Available User Functions~

The following user functions are available by default:

Function Parameters Description
rand_demo() none Returns a random value (0-255) for demonstration

Best Practices for Computed Parameters~

  1. Keep expressions readable: Break complex expressions across multiple lines
  2. Use meaningful variable names: set strip_len = strip_length() not set s = strip_length()
  3. Combine wisely: Mix user functions with math functions for rich effects
  4. Test incrementally: Start simple and build up complex expressions

Loading and Using Functions~

In Tasmota autoexec.be~

import animation

# Load your custom functions
load("user_animations.be")

# Now they're available in DSL with import
var dsl_code = 
  "import user_functions\n"
  "\n"
  "animation my_fire = solid(color=red)\n"
  "my_fire.opacity = fire(200, 1500)\n"
  "animation my_twinkles = solid(color=white)\n"
  "my_twinkles.opacity = twinkle(8, 400ms)\n"
  "\n"
  "sequence show {\n"
  "  play my_fire for 10s\n"
  "  play my_twinkles for 5s\n"
  "}\n"
  "\n"
  "run show"

animation_dsl.execute(dsl_code)

From Files~

# Save DSL with custom functions
var my_show =
  "import user_functions\n"
  "\n"
  "animation campfire = solid(color=orange)\n"
  "campfire.opacity = fire(180, 2000)\n"
  "animation stars = solid(color=0xFFFFFF)\n"
  "stars.opacity = twinkle(6, 600ms)\n"
  "\n"
  "sequence night_scene {\n"
  "  play campfire for 30s\n"
  "  play stars for 10s\n"
  "}\n"
  "\n"
  "run night_scene"

# Save to file
var f = open("night_scene.anim", "w")
f.write(my_show)
f.close()

# Load and run
animation_dsl.load_file("night_scene.anim")

Implementation Details~

Function Signature Requirements~

User functions must follow this exact pattern:

def function_name(engine, param1, param2, ...)
  # engine is ALWAYS the first parameter
  # followed by user-provided parameters
  return animation_object
end

How the DSL Transpiler Works~

When you write DSL like this: 

animation my_anim = my_function(arg1, arg2)
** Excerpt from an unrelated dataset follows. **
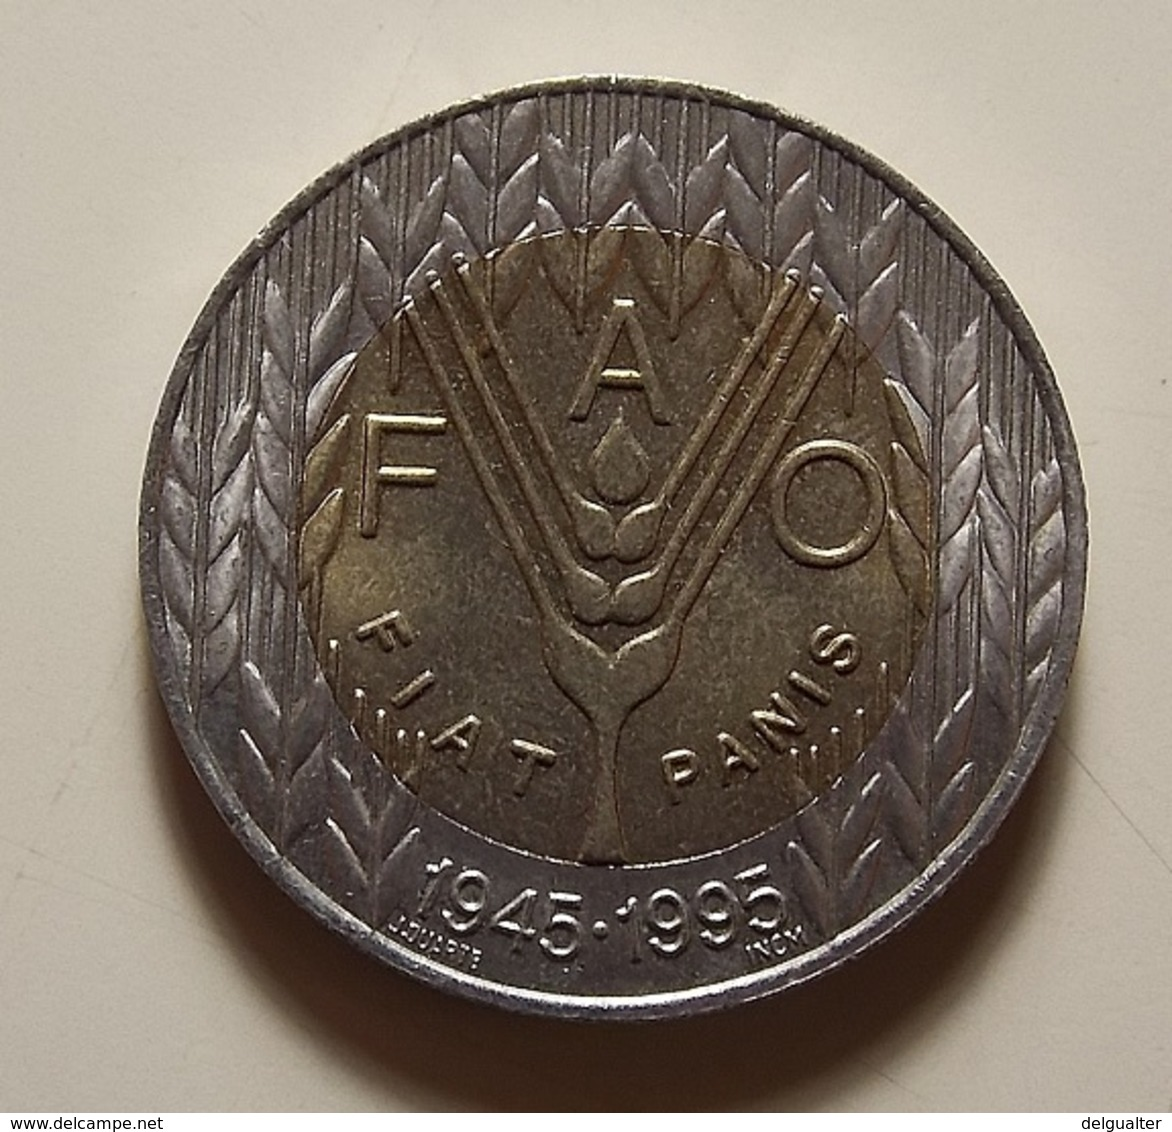 Portugal 100 Escudos FAO - Portugal

The transpiler generates Berry code like this: 

var my_anim_ = animation.get_user_function('my_function')(engine, arg1, arg2)
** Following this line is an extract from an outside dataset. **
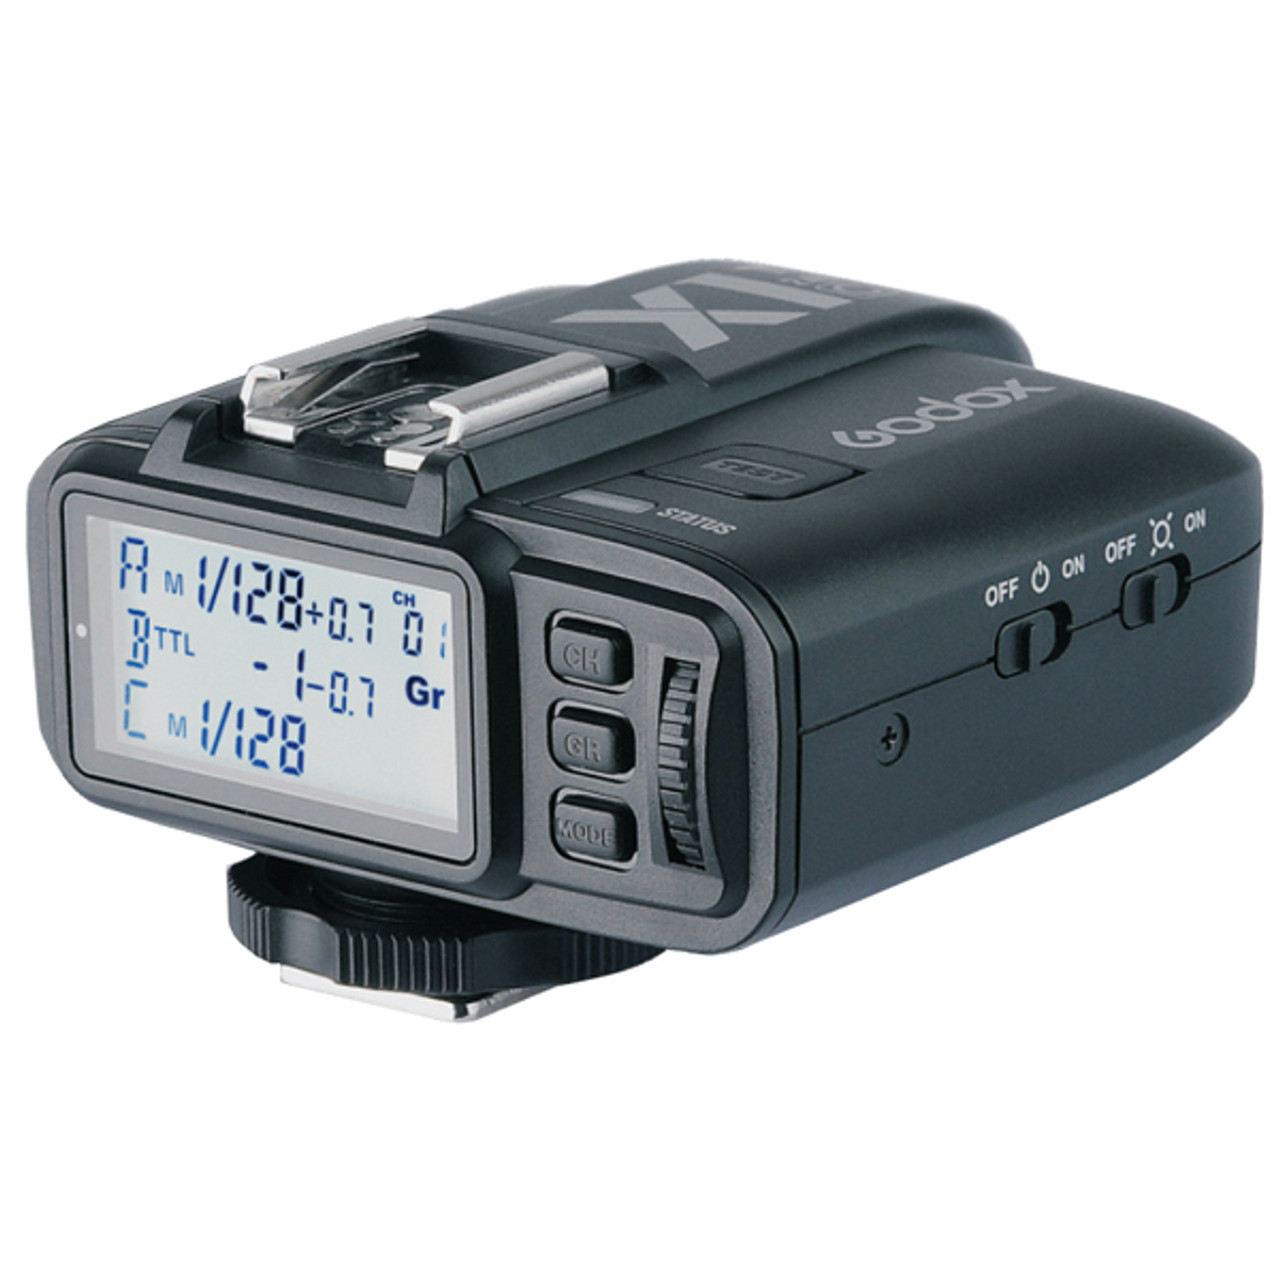 Godox X1T-C 2.4G Transmitter for Canon

The engine parameter is automatically inserted as the first argument.

Registration API~

# Register a function
animation.register_user_function(name, function)
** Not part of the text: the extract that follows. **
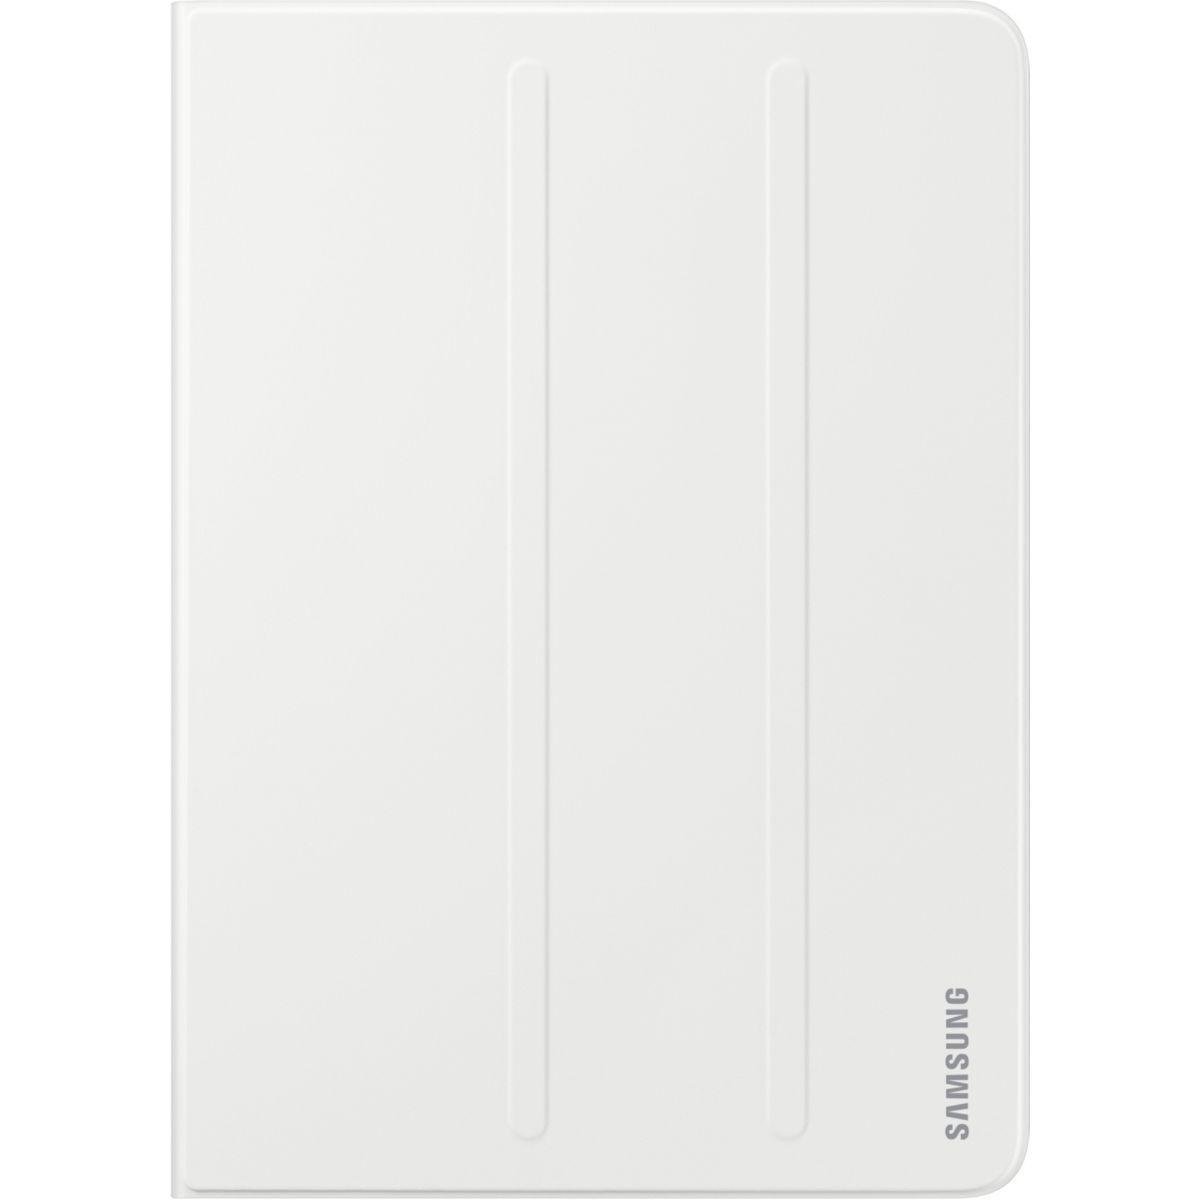 Etui tablette samsung book cover tab s3 blanc - livraison offerte : code premium (photo)

# Check if a function is registered
if animation.is_user_function("my_function")
  print("Function is registered")
end

# Get a registered function
var func = animation.get_user_function("my_function")

# List all registered functions
var functions = animation.list_user_functions()
for name : functions
  print("Registered:", name)
end

Engine Parameter~

The engine parameter provides: - Access to the LED strip: engine.get_strip_length() - Current time: engine.time_ms - Animation management context

Always use the provided engine when creating animations - don't create your own engine instances.

Return Value Requirements~

User functions must return an animation object that: - Extends animation.animation or animation.pattern - Is properly configured with the engine - Has all required parameters set

Error Handling~

The framework handles errors gracefully: - Invalid function names are caught at DSL compile time - Runtime errors in user functions are reported with context - Failed function calls don't crash the animation system

Troubleshooting~

Function Not Found~

Error: Unknown function 'my_function'
- Ensure the function is registered with animation.register_user_function() - Check that registration happens before DSL compilation - Verify the function name matches exactly (case-sensitive)

Wrong Number of Arguments~

Error: Function call failed
- Check that your function signature matches the DSL call - Remember that engine is automatically added as the first parameter - Verify all required parameters are provided in the DSL

Animation Not Working~

  • Ensure your function returns a valid animation object
  • Check that the animation is properly configured
  • Verify that the engine parameter is used correctly

User-defined functions provide a powerful way to extend the Animation DSL with custom effects while maintaining the clean, declarative syntax that makes the DSL easy to use.